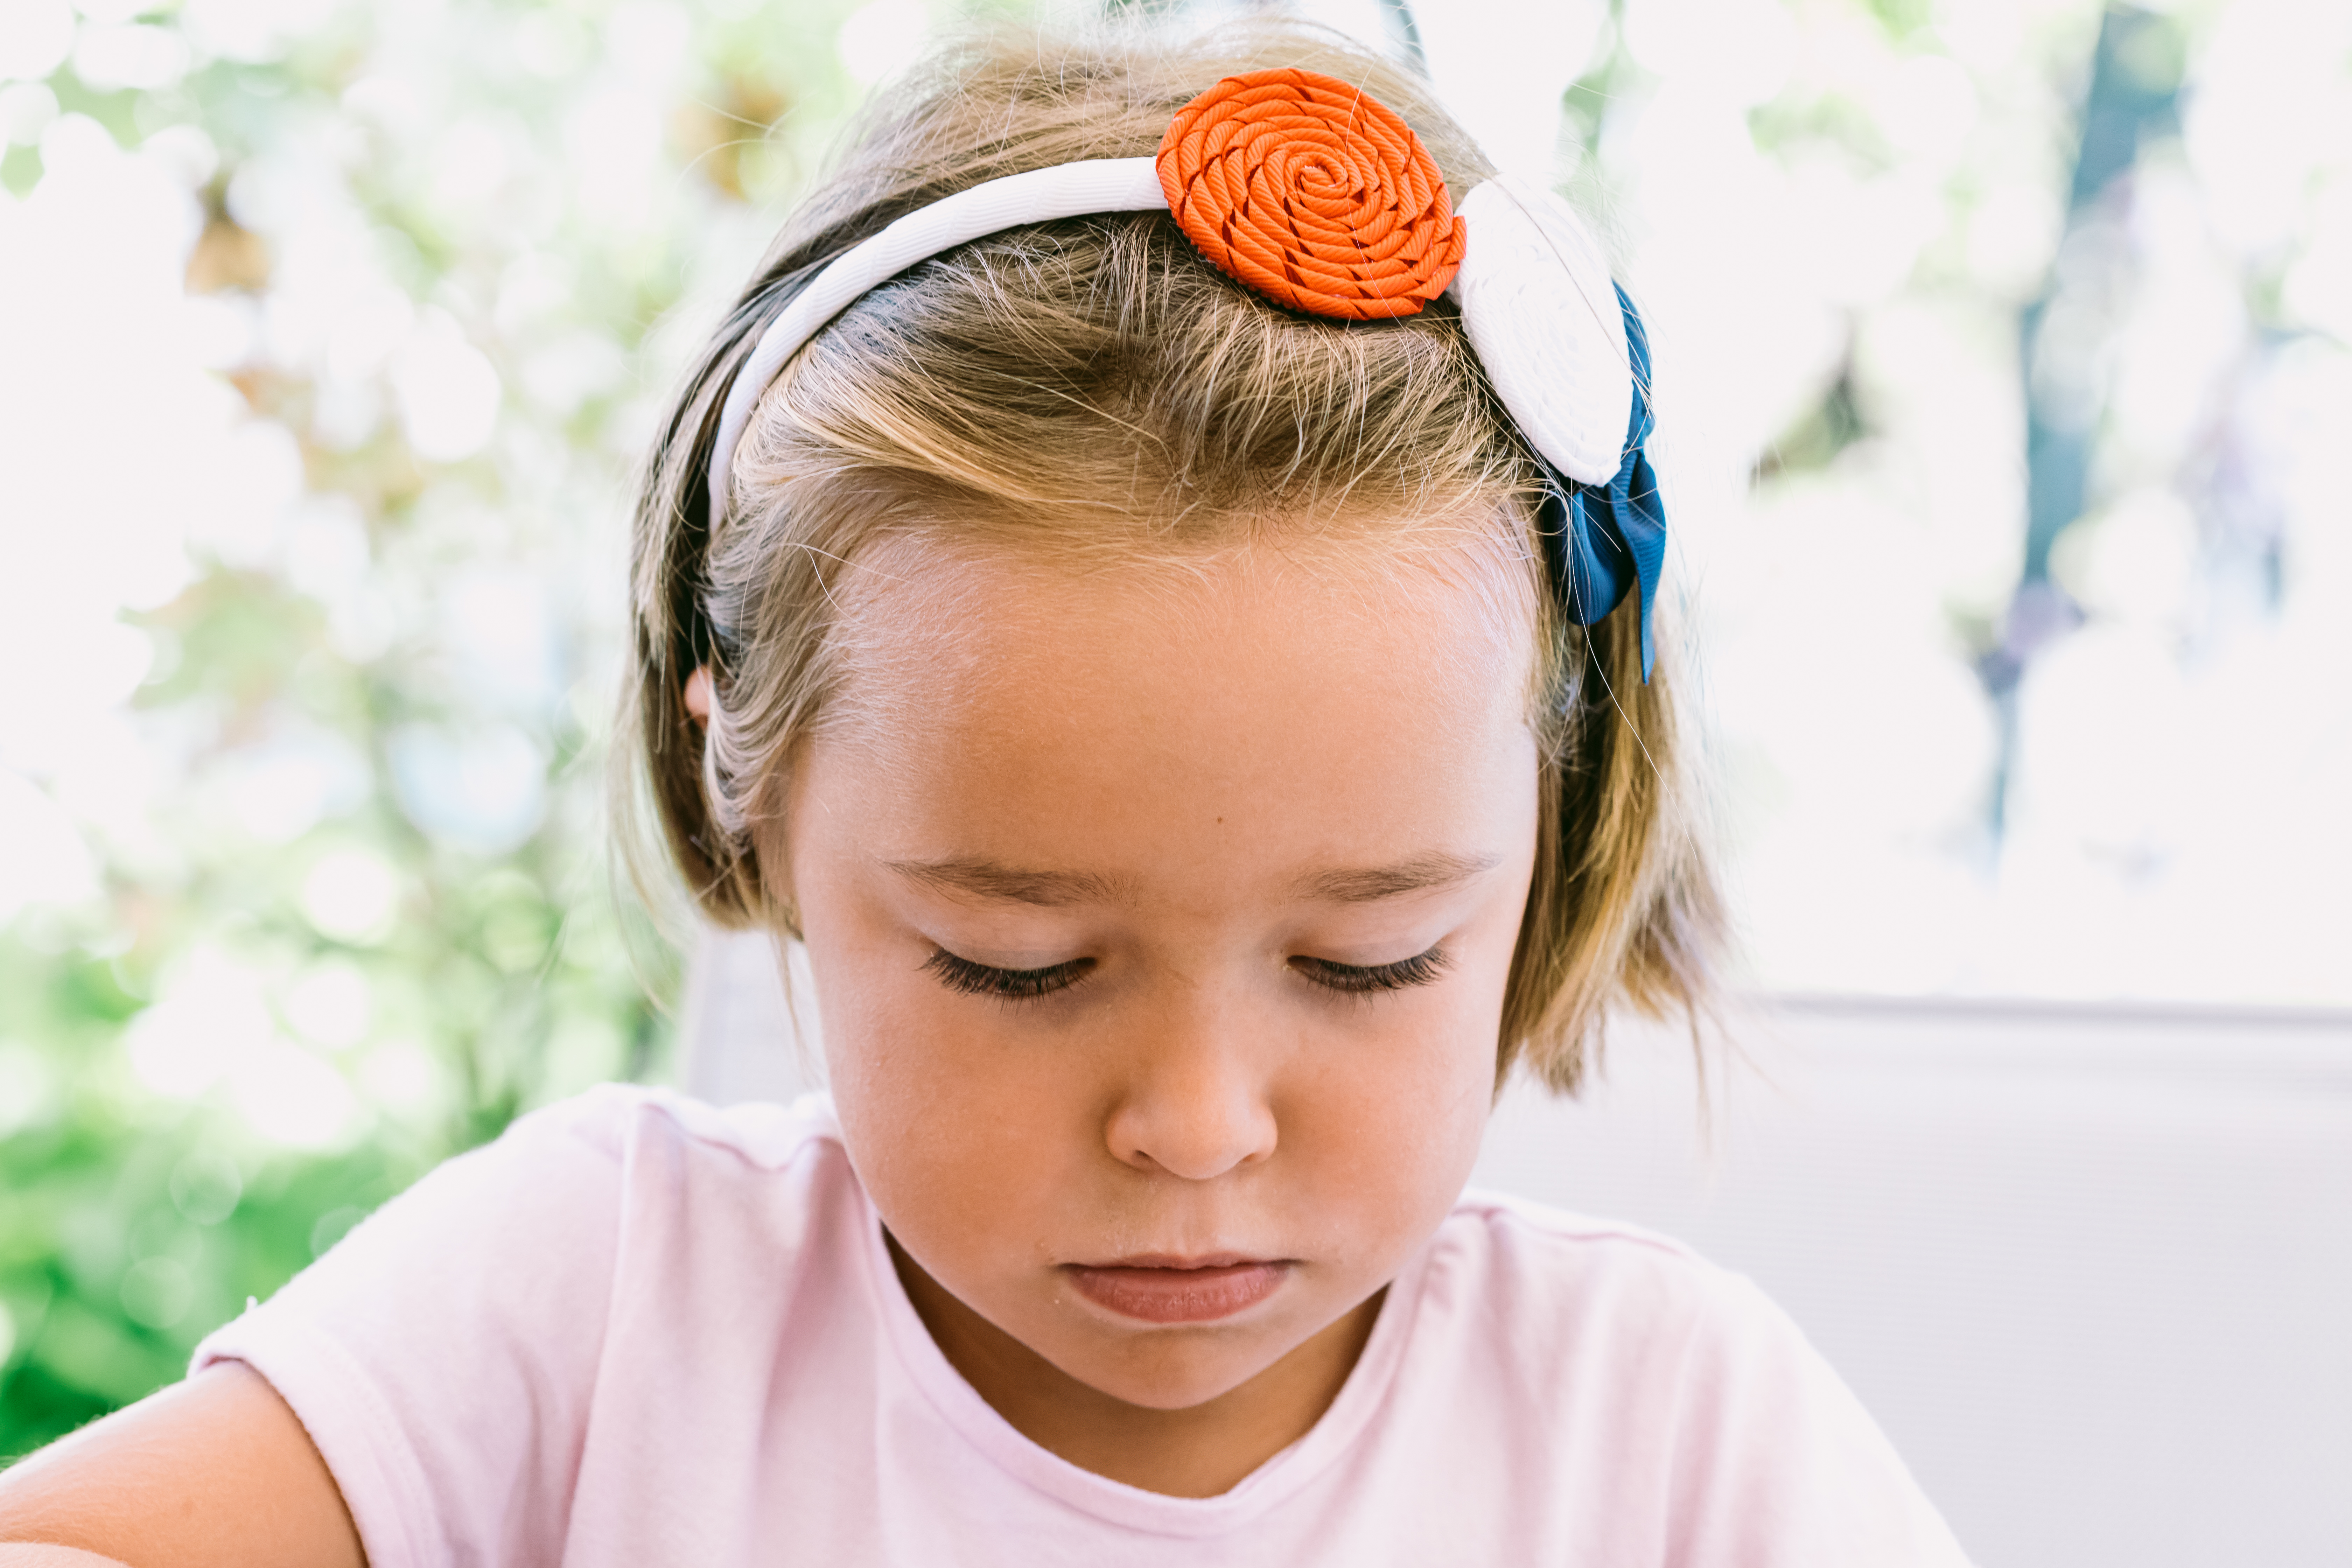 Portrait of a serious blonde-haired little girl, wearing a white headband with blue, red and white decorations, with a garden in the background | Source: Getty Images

* * *

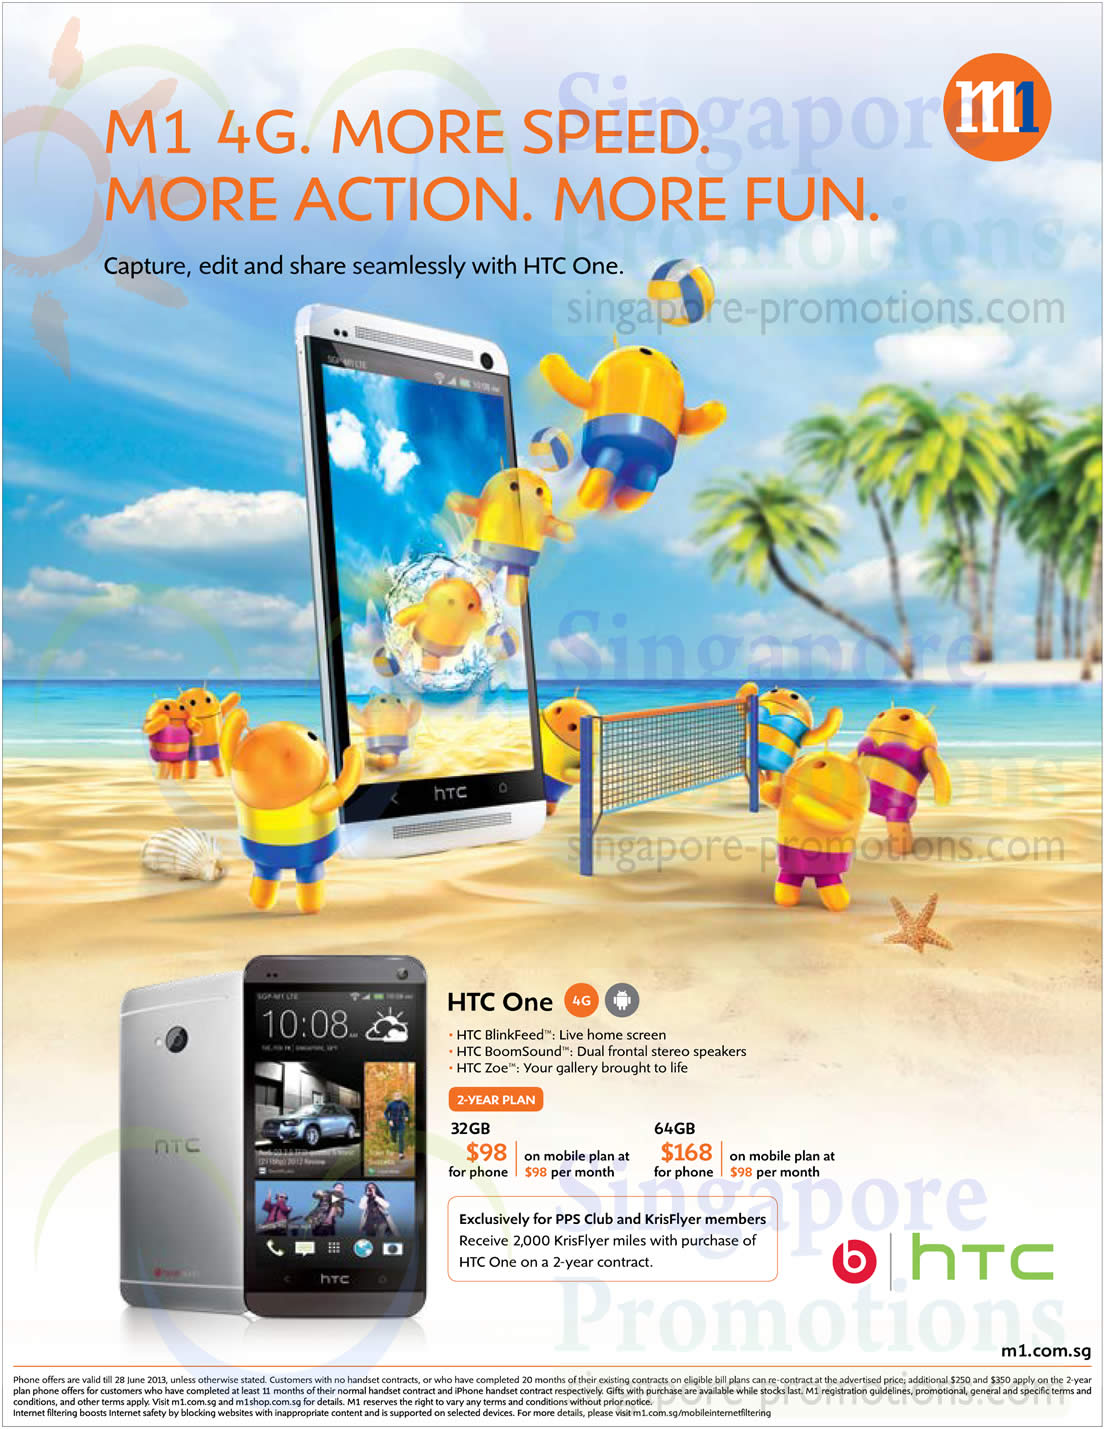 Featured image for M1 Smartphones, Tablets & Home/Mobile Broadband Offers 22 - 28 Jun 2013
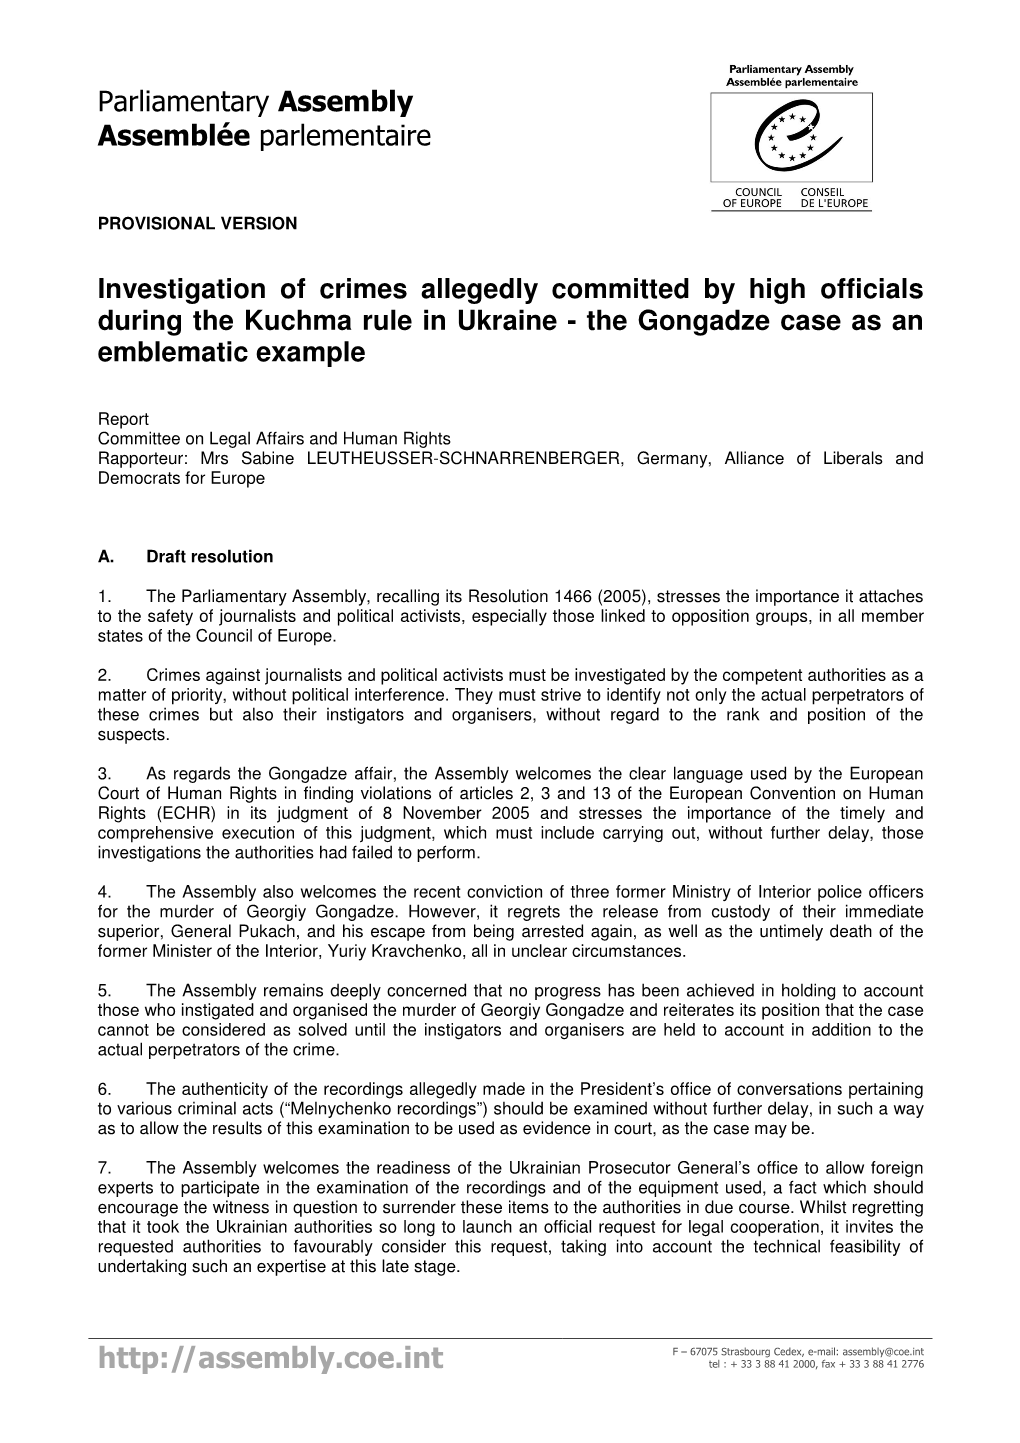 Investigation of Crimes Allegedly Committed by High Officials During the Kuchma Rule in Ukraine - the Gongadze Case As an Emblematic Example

▶ Work instruction:
Without the pictures, give again exactly the lines above starting at the line containing "Featured image for" and ending at the line containing "Investigation of Crimes".

▶ Result for this task:
 Featured image for M1 Smartphones, Tablets & Home/Mobile Broadband Offers 22 - 28 Jun 2013
 Investigation of Crimes Allegedly Committed by High Officials During the Kuchma Rule in Ukraine - the Gongadze Case As an Emblematic Example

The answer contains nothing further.